### Exercise prompt
Copy exactly the lines from the line holding "Cutting vertical lines" through the end of the material, and no others; pictures stay out.

### Data section
+ + + +

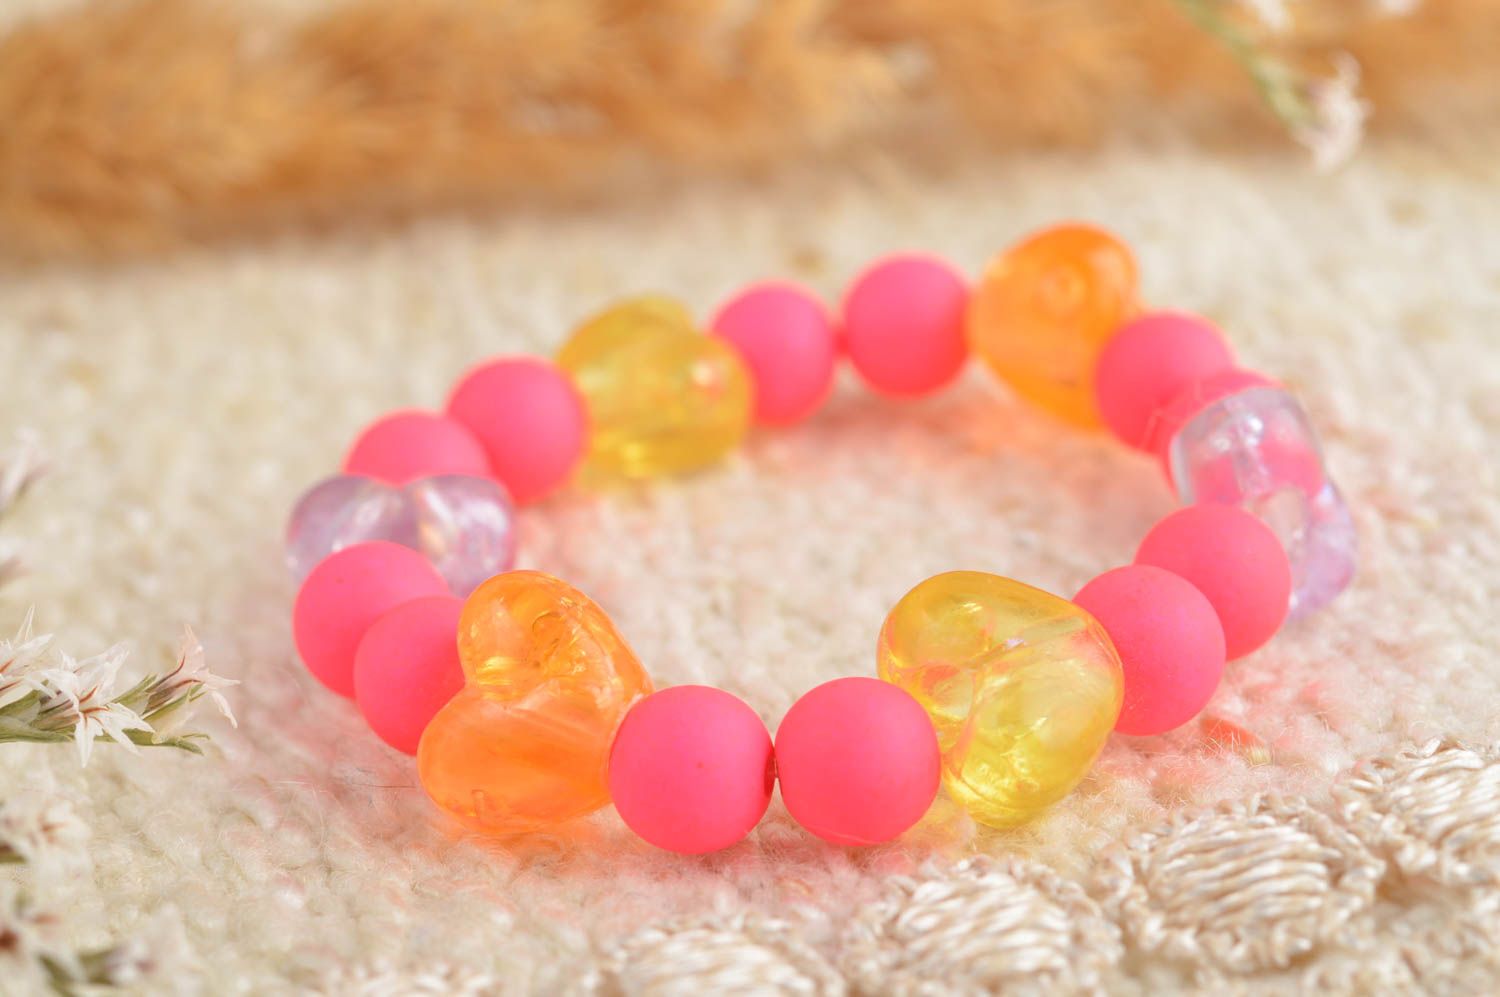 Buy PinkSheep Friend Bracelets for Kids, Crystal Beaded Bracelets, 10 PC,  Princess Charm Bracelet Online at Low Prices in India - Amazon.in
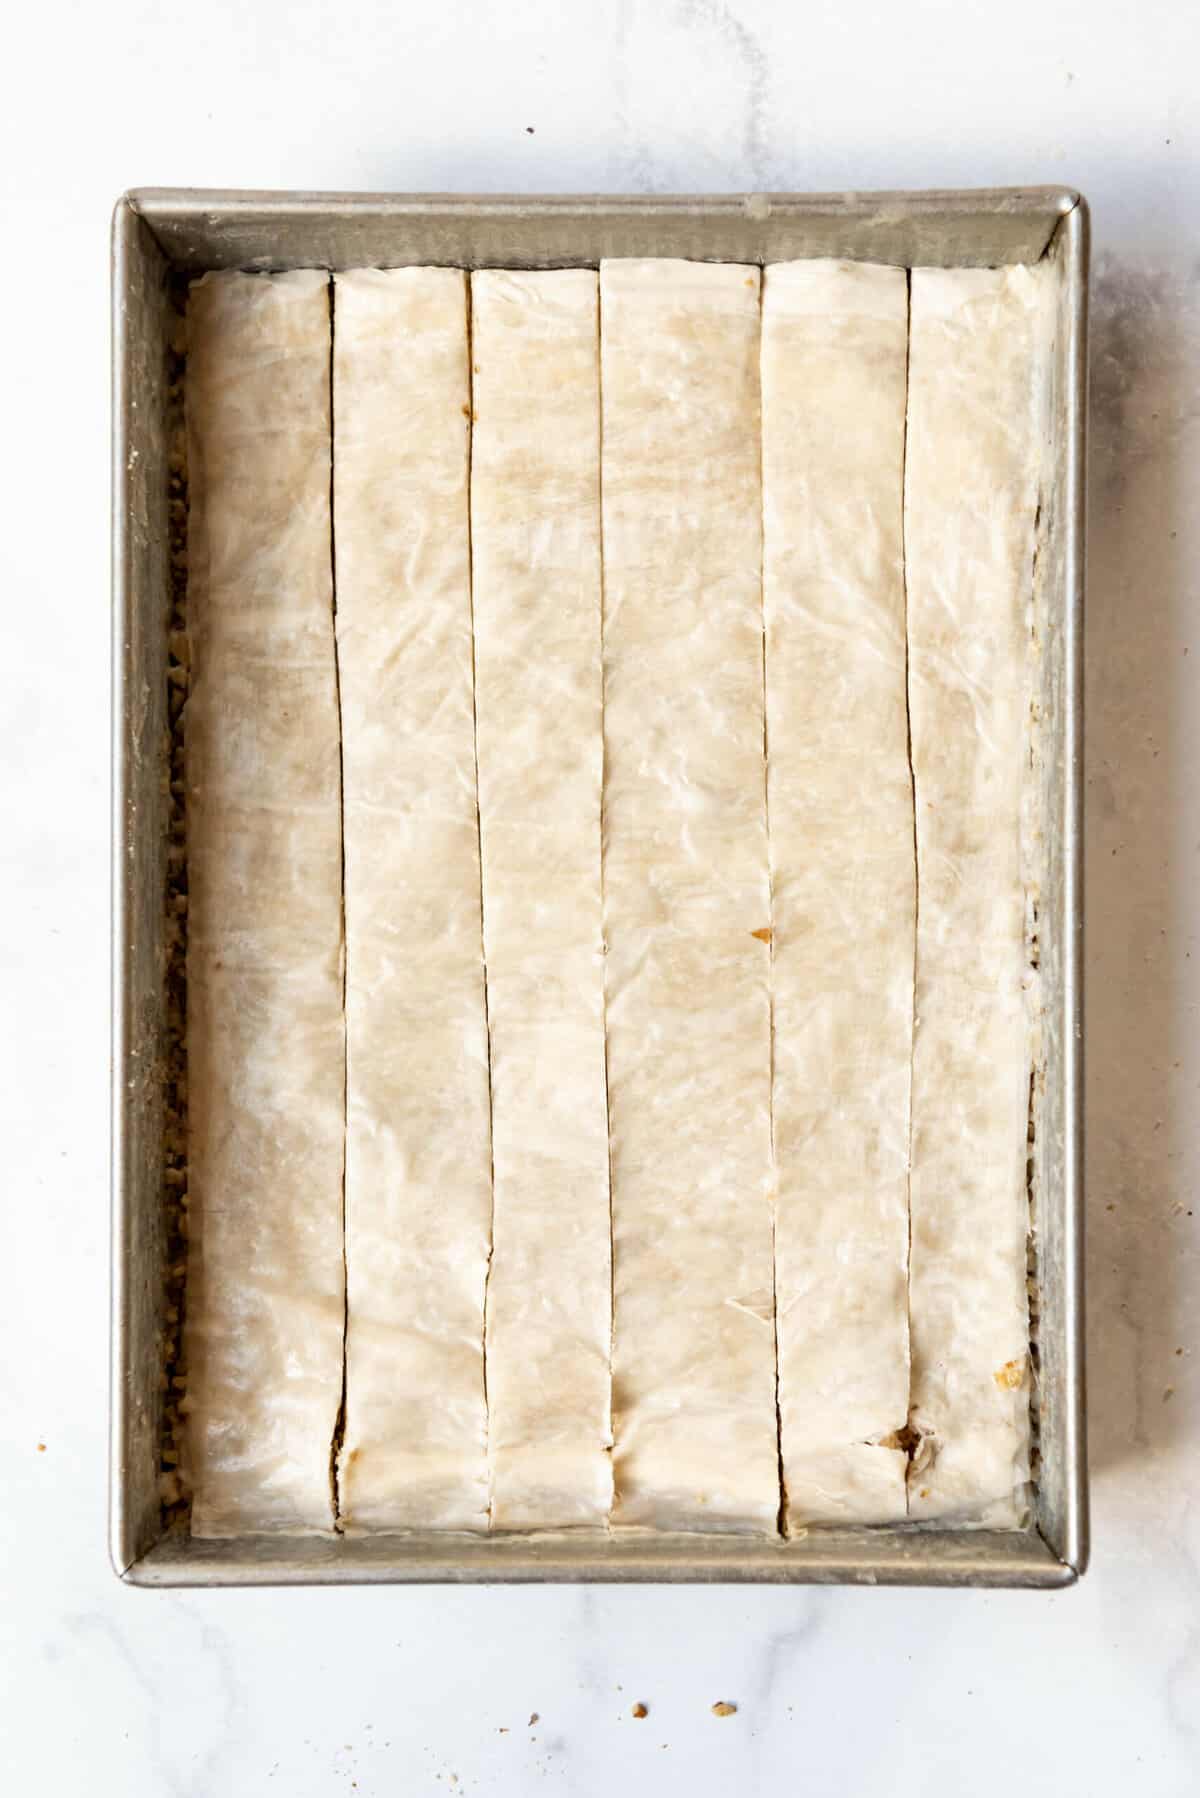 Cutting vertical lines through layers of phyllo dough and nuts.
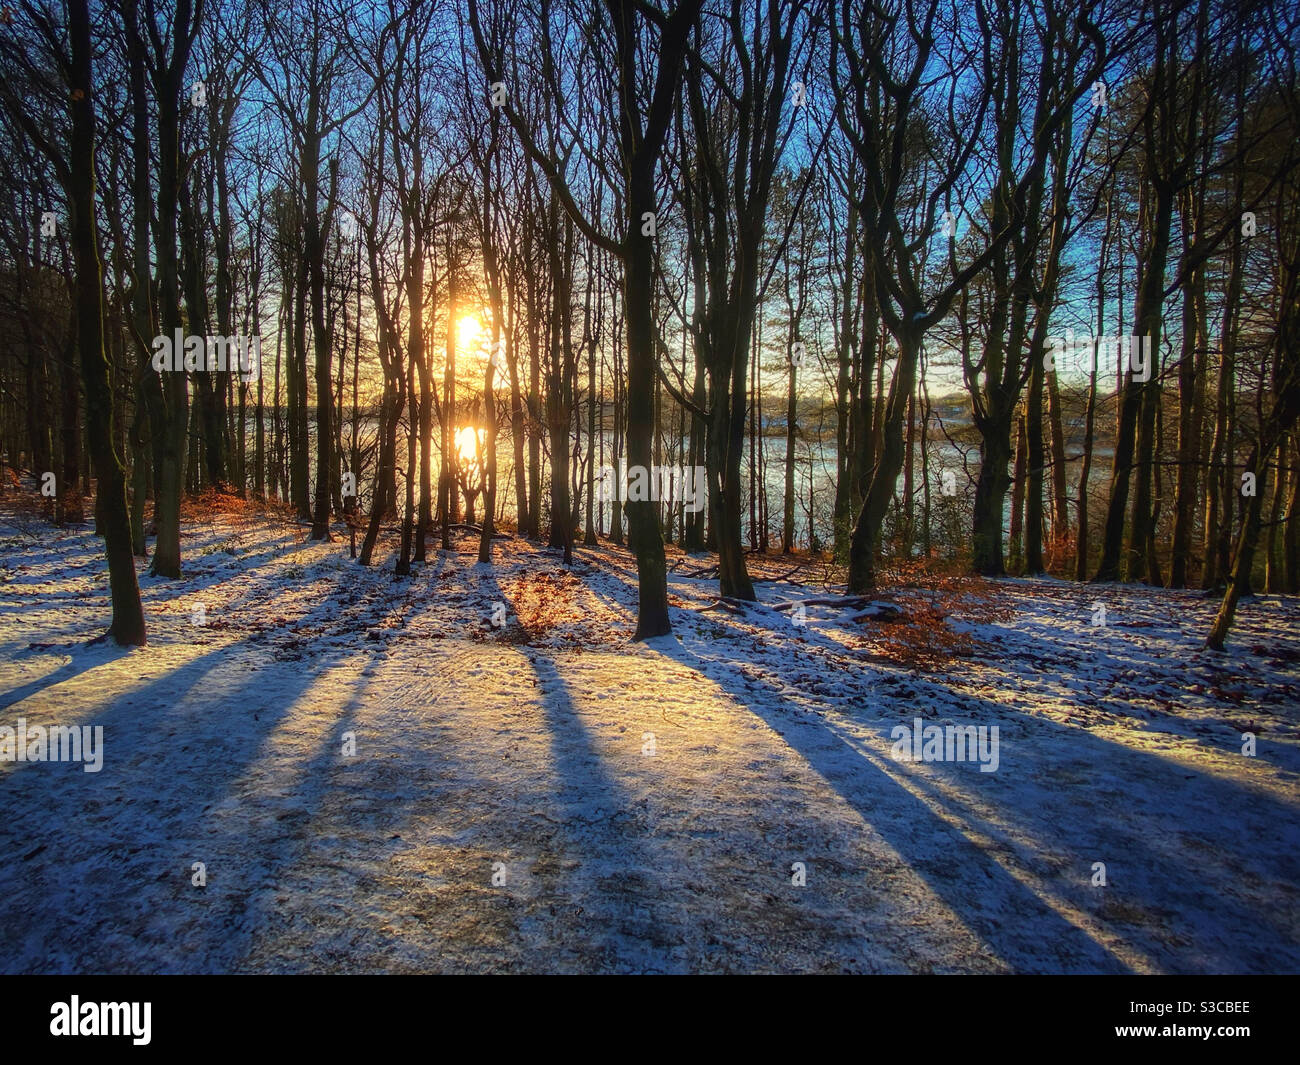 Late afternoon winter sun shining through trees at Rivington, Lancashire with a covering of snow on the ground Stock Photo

+ + + +

### Solution to this exercise
 Cutting vertical lines through layers of phyllo dough and nuts.
 Late afternoon winter sun shining through trees at Rivington, Lancashire with a covering of snow on the ground Stock Photo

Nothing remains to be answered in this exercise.